In Angola, for example, Embrapa is helping construct a research institution modeled on their own in an effort to help improve food productivity. In other countries, they are introducing the drought-resistant varieties of wheat they are continuously improving at home.
In Venezuela, a three-member team is helping the country produce more grains, chickens, and milk – some of the products that were in short supply earlier this year. They are considering opening up a seed technology business in Central America. Earlier this fall, they were in East Timor. "The goal is to help these countries feed themselves, and then perhaps turn into suppliers," says Contini.

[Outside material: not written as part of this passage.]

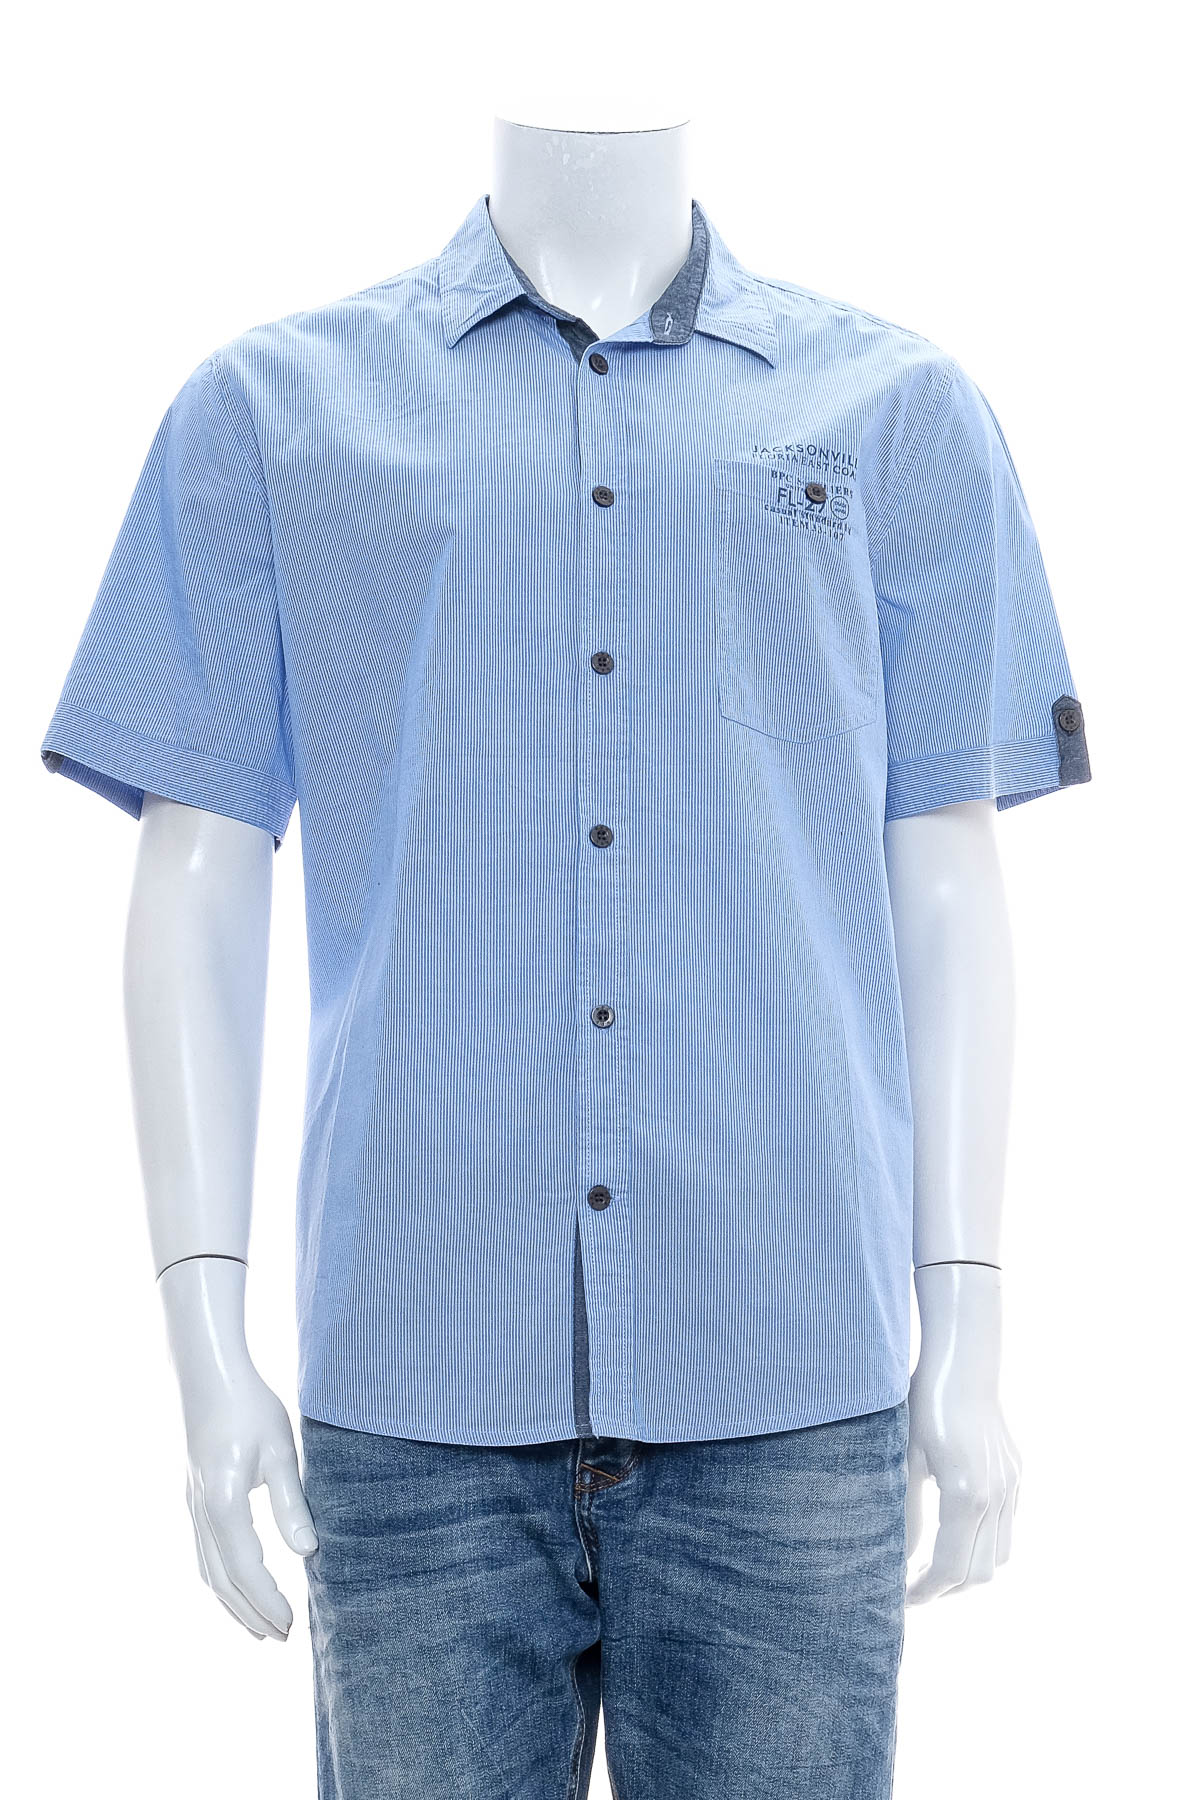 Ανδρικό πουκάμισο - Bpc Bonprix Collection - 0

But it is a long slog – at least 20 or 30 years of hard work, Contini says – and it requires much more than just technology transfer. It requires training and commitment on the part of each government. Goldsmith says that the idea of turning the African savanna into anything like Brazil's cerrado, for now, is almost "a dream," he says. Land ownership issues, politics, and civil strife will hold it back. And each country must develop its own model. "Technology is transferable," says Alves. "The problem is that Africa is much more densely populated."
But it is a dream that Lobato, who retired from Embrapa and now works as a consultant, says is attainable.
This year he stood in Mozambique, as he stood in Brazil's cerrado in the 1970s. He and his colleague, Djalma Martinhão Gomes de Sousa, a pioneering soil expert of Embrapa, both say that Mozambique is where Brazil was 50 years ago. They produce some corn, and raise cattle on inefficient pastures. Production is low. Many might feel the same hopelessness that was felt about the cerrado in the '70s.
But Mr. Martinhão says that if Africa can develop its agricultural base, the continent can transform the way Brazil did: Human development index maps from the Ministry of Planning, Budget, and Management show that standards of living in the cerrado have steadily increased alongside agricultural development.
Lobato says he has little doubt that the pioneers in Africa will feel the way he feels today in his own country: "There is nothing so rewarding for myself than seeing a good crop in the field, in a place where nothing used to grow."